After realizing that simply changing the location of mental health care from the state hospitals to nursing houses was insufficient to implement the idea of deinstitutionalization, the National Institute of Mental Health in 1975 created the Community Support Program (CSP) to provide funds for communities to set up a comprehensive mental health service and supports to help the mentally ill patients integrate successfully in the society. The program stressed the importance of other supports in addition to medical care, including housing, living expenses, employment, transportation, and education; and set up new national priority for people with serious mental disorders. In addition, the Congress enacted the Mental Health Systems Act of 1980 to prioritize the service to the mentally ill and emphasize the expansion of services beyond just clinical care alone. Later in the 1980s, under the influence from the Congress and the Supreme Court, many programs started to help the patients regain their benefits. A new Medicaid service was also established to serve people who were diagnosed with a "chronic mental illness." People who were temporally hospitalized were also provided aid and care and a pre-release program was created to enable people to apply for reinstatement prior to discharge. Not until 1990, around 35 years after the start of the deinstitutionalization, did the first state hospital begin to close. The number of hospitals dropped from around 300 by over 40 in the 1990s, and finally a Report on Mental Health showed the efficacy of mental health treatment, giving a range of treatments available for patients to choose.
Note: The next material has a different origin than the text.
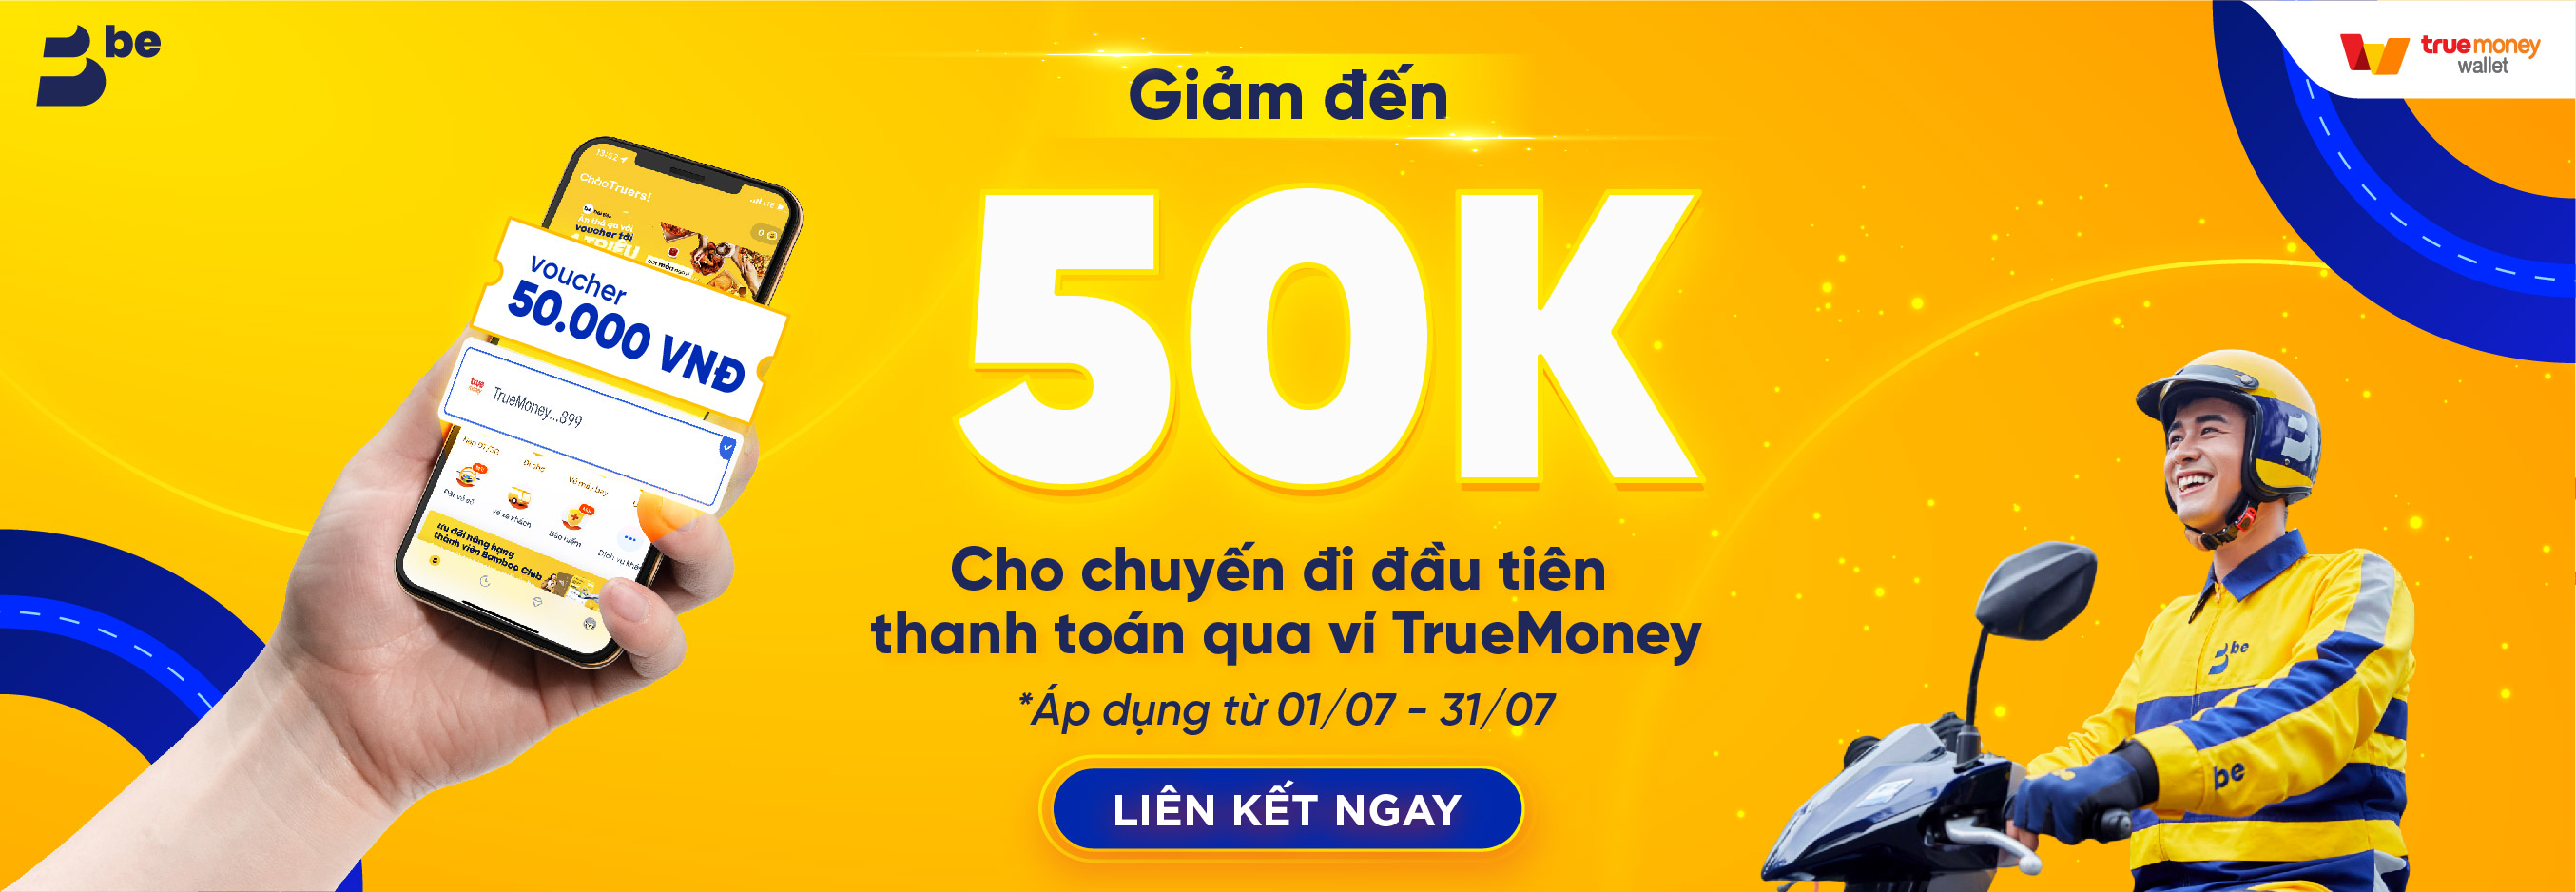 TRUEMONEY TẶNG 50K ĐẶT CHUYẾN BE ĐẦU TIÊN

However, several critics maintain that deinstitutionalization has, from a mental health point of view, been a thoroughgoing failure. The seriously mentally ill are either homeless, or in prison; in either case (especially the latter), they are getting little or no mental health care. This failure is attributed to a number of reasons over which there is some degree of contention, although there is general agreement that community support programs have been ineffective at best, due to a lack of funding.
The 2011 National Prevention Strategy included mental and emotional well-being, with recommendations including better parenting and early intervention programs, which increase the likelihood of prevention programs being included in future US mental health policies.